De acordo com ele, ministros e ex-ministros latino-americanos entraram em contato dizendo estar desconfortáveis com a questão. "Se você não tivesse outros candidatos, seria sinal que ele poderia ser favorito. Mas é remota a possibilidade de ele ser aprovado, então a gente quis prorrogar", afirmou Mantega à época.
O BID, no entanto, não cedeu a pressão e manteve a data do pleito para o próximo domingo (20).
- “Que historinha é essa de conflito social e fiscal?”, questiona Guedes
O ministro da Economia, Paulo Guedes, questionou um suposto conflito entre pagamento de benefícios sociais e responsabilidade fiscal por parte do governo. O ministro participou de uma palestra na comemoração de 30 anos da Secretaria de Política Econômica do Ministério da Economia, nesta sexta-feira (18).
“Disparamos o maior programa social que já houve e com responsabilidade fiscal, então que historinha é essa de conflito social e fiscal? Não acreditem nas narrativas políticas, acreditem nos números. Se fizer menos barulho e trabalhar mais com a cabeça e menos com a mentira, talvez possa ser um bom governo. Só depende de não mentir. Depende de outras coisas também”, afirmou o ministro.
O Chefe da Assessoria Especial de Estudos Econômicos do Ministério da Economia, Rogério Boueri, também criticou o discurso de que responsabilidade fiscal e social são incompatíveis.

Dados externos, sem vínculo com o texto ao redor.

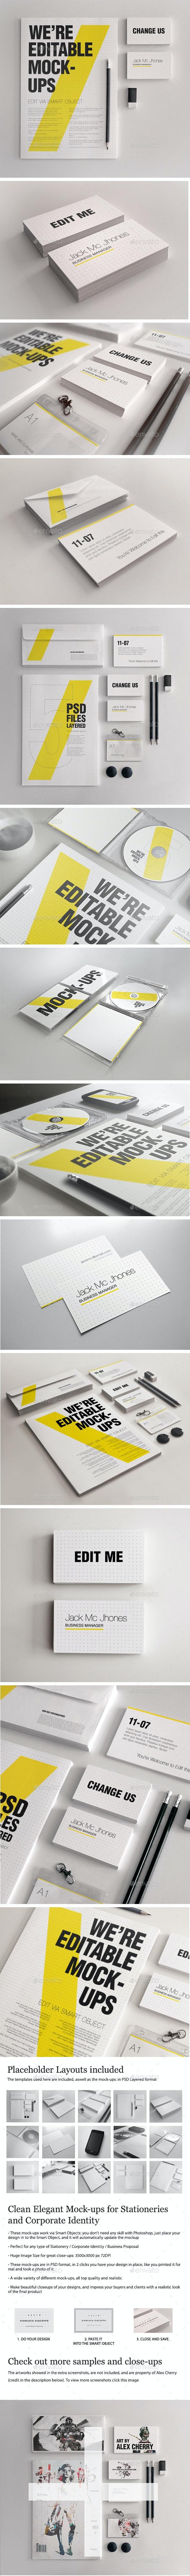 15 Elegant Mock-ups Bundle - Business Corporate ID - Stationery Print

“Então, responsabilidade fiscal não é incompatível com desenvolvimento social do país, muito pelo contrário, o que pode comprometer o desenvolvimento social do país é nós perdermos o rumo na política fiscal, começarmos a não conseguir mais rolar nossa dívida a taxas aceitáveis e cada vez mais descarrilhar a economia brasileira”, afirmou Boueri.

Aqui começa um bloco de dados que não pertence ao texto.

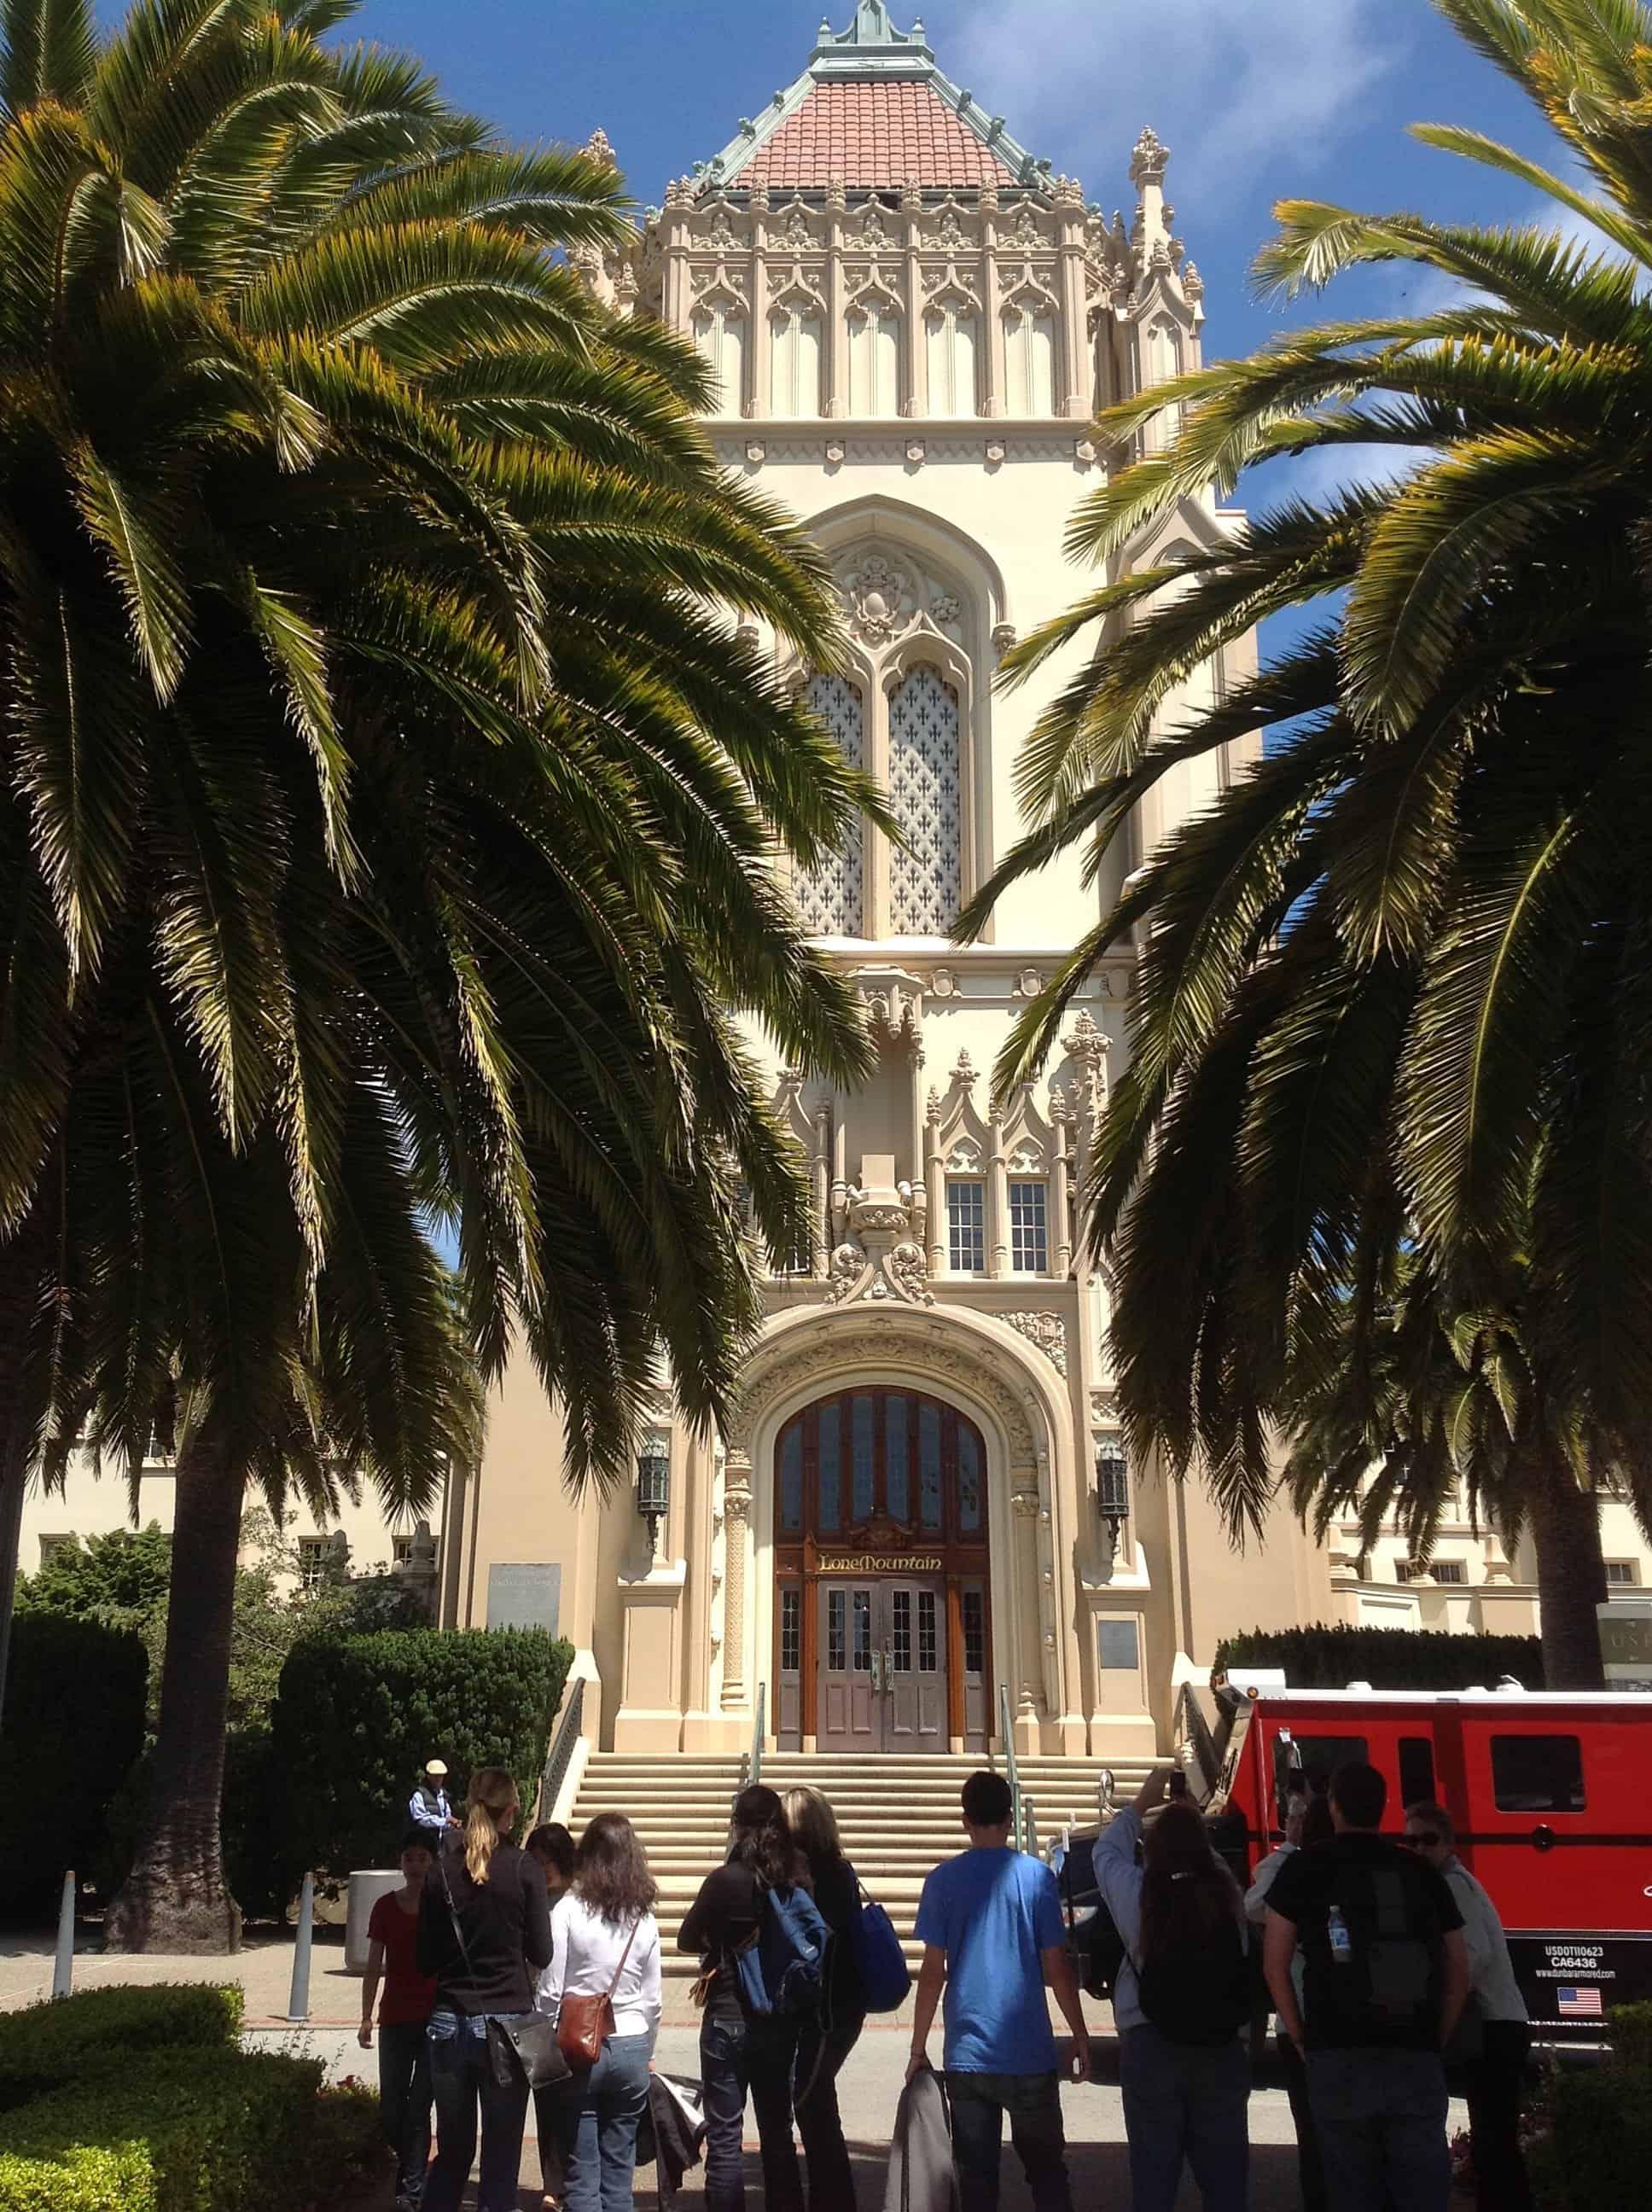 Santa Clara πανεπιστήμιο dating τα ραντεβού του Μπράντφορντ

Durante a mesa de abertura do evento, o ministro de Minas e Energia, Adolfo Sachsida, demonstrou insatisfação com a comparação entre o presidente eleito Luiz Inácio Lula da Silva e o presidente Jair Bolsonaro, em relação à fonte dos recursos do Auxílio Brasil.
“A nossa política econômica sempre se pautou por um modelo de equilibro geral. Toda vez que aumentávamos os gastos, no momento, ou travamos o aumento do gasto futuro, ou compensávamos via arrecadação. Então, você não pode pegar e falar assim: ‘o governo da PEC de Transição vai gastar o mesmo que o governo Bolsonaro gastaria, então não pode reclamar’”, errado”, afirmou o ministro.